P53-dependent UVB responsiveness of human keratinocytes can be altered by cultivation on cell cycle-arrested dermal fibroblasts.

In cultured human keratinocytes, the tumor suppressor p53 acts as a control element in the protective response to UVB radiation and is affected by a variety of factors linked to cellular adhesion and differentiation. Because keratinocytes within the epidermis are not a homogeneous population but differ in their proliferative capacity and differentiation status, we compared the UVB responsiveness of primary keratinocyte populations isolated from various skin biopsies using p53 expression as a marker for their sensitivity to UVB. Besides keratinocytes exhibiting a UVB dose- and time-dependent upregulation of p53, keratinocyte populations were detected with high p53 expression levels even without irradiation. Such keratinocytes did not regulate p53 expression in response to UVB. Furthermore their p53-mediated UVB response was influenced by cocultivation with human dermal fibroblasts (HDF) but not with cell cycle-arrested human normal keratinocytes or HaCaT keratinocytes.
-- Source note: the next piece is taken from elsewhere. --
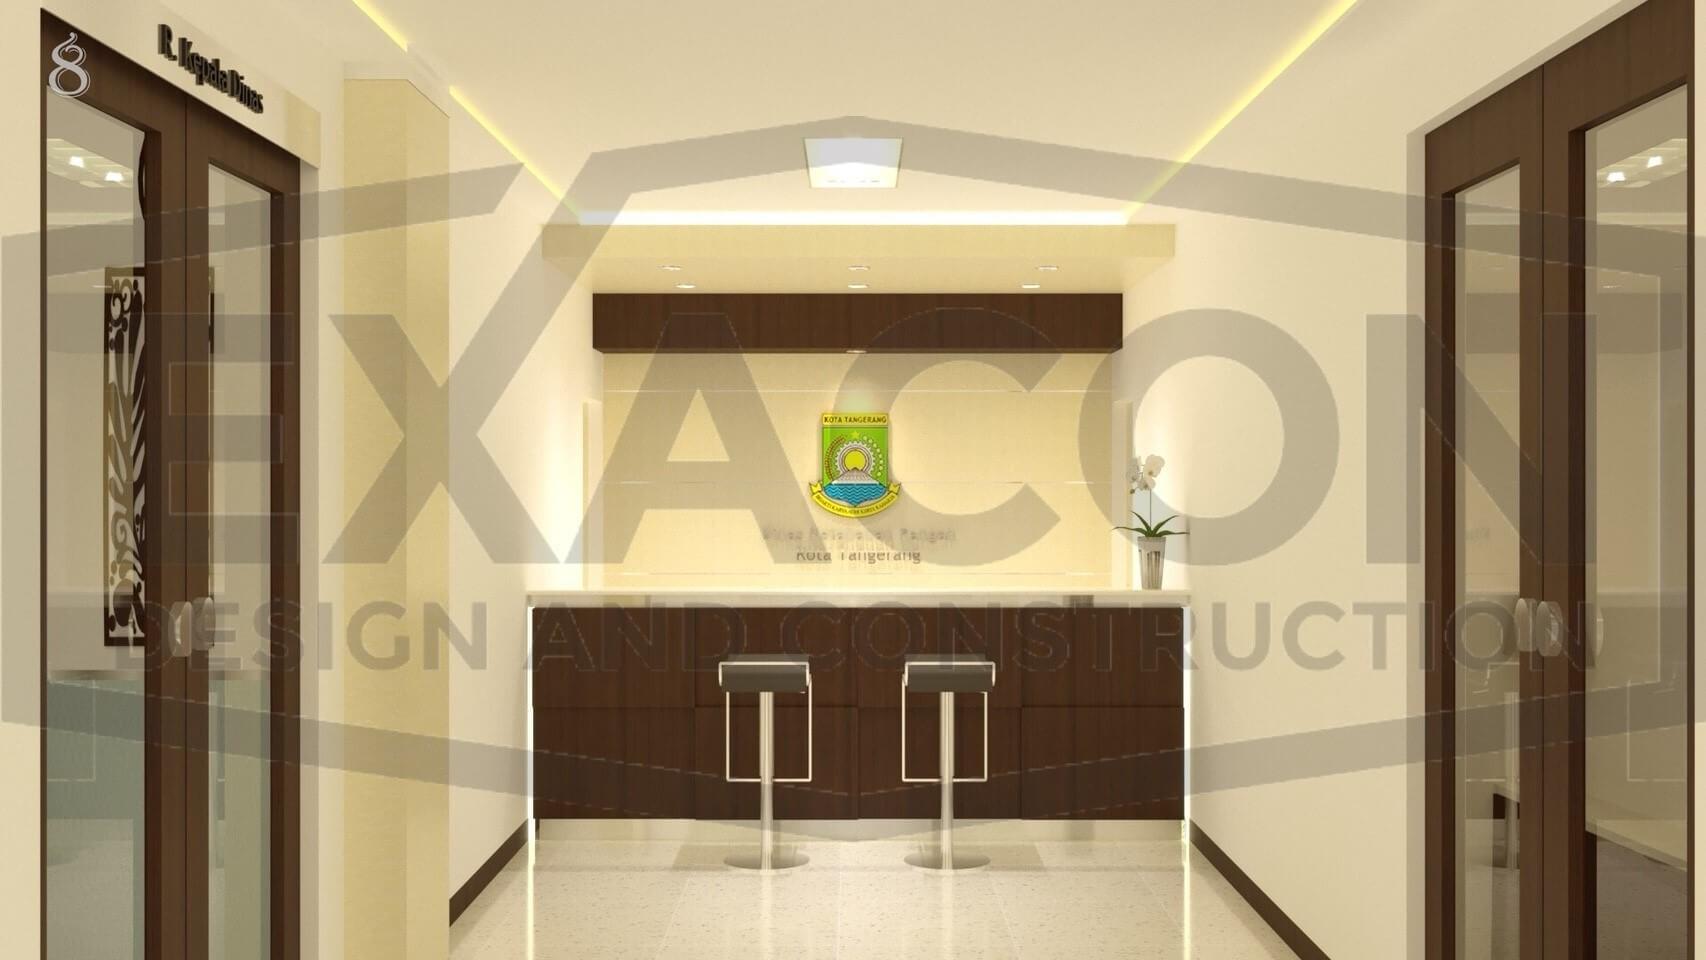 Proyek Desain Interior Kantor Dinas Ketahanan Pangan Dan Pertanian Tangerang
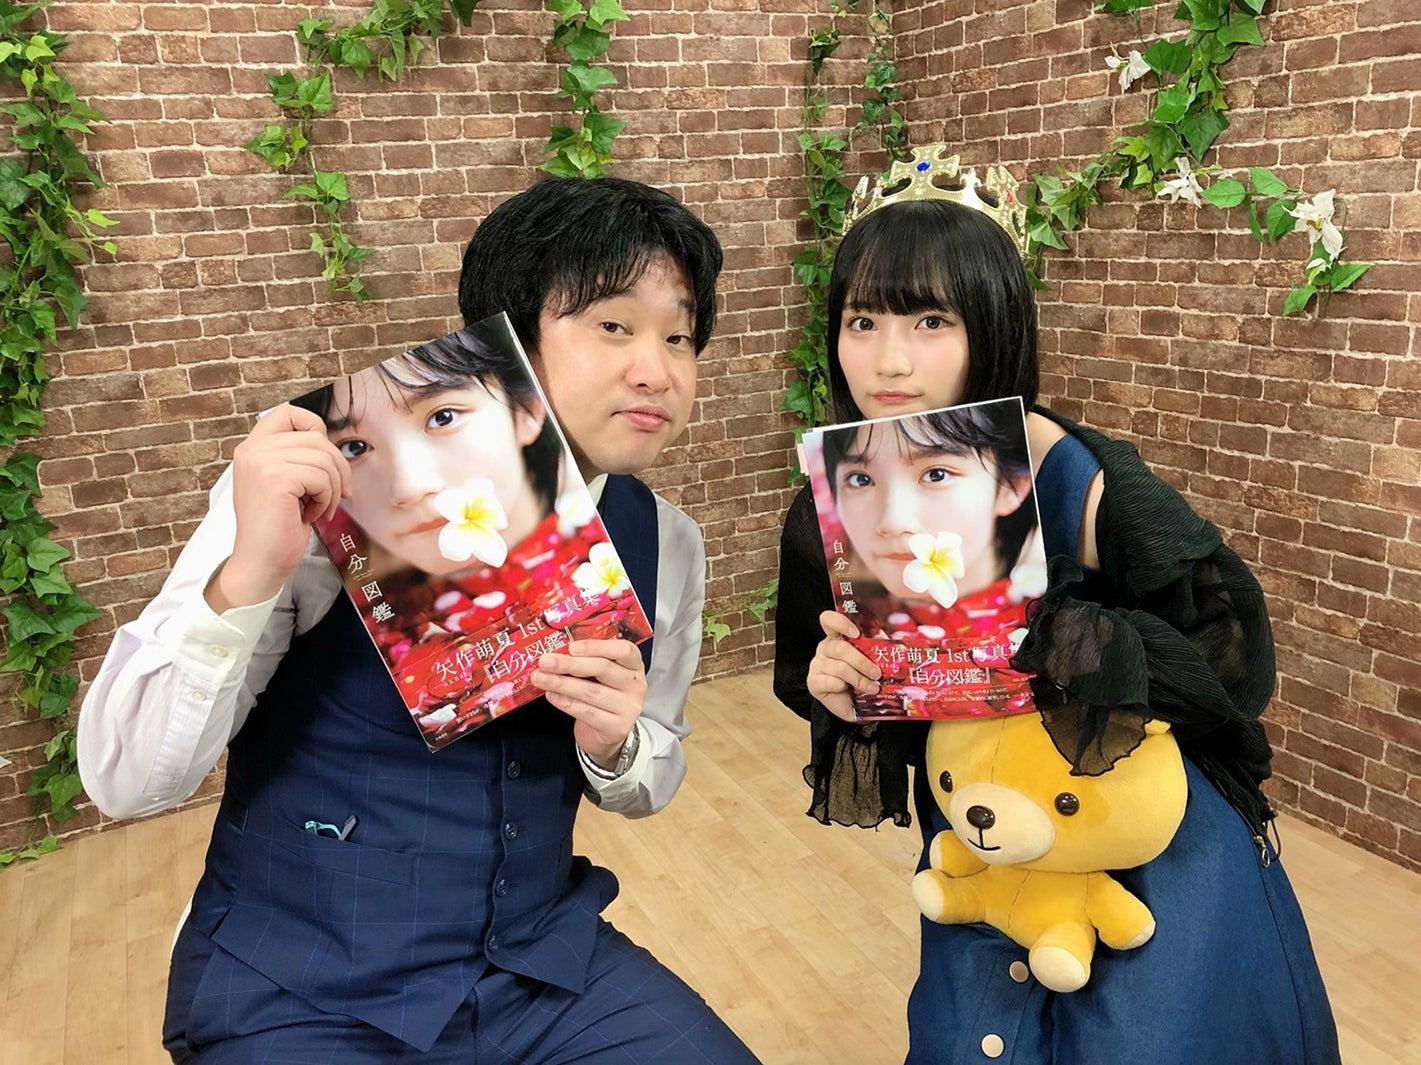 AKB48新センター矢作萌夏、初写真集は「健全だけどセクシーが

When these cells were cultivated together with arrested HDF, they did not only reveal increased p53 expression levels after UVB treatment but also a more pronounced transcriptional activation of the p53 downstream target gene p21. These findings indicate that the UVB response of keratinocytes, specifically the activation of the tumor suppressor p53, is heterogeneous and can be affected by growth conditions.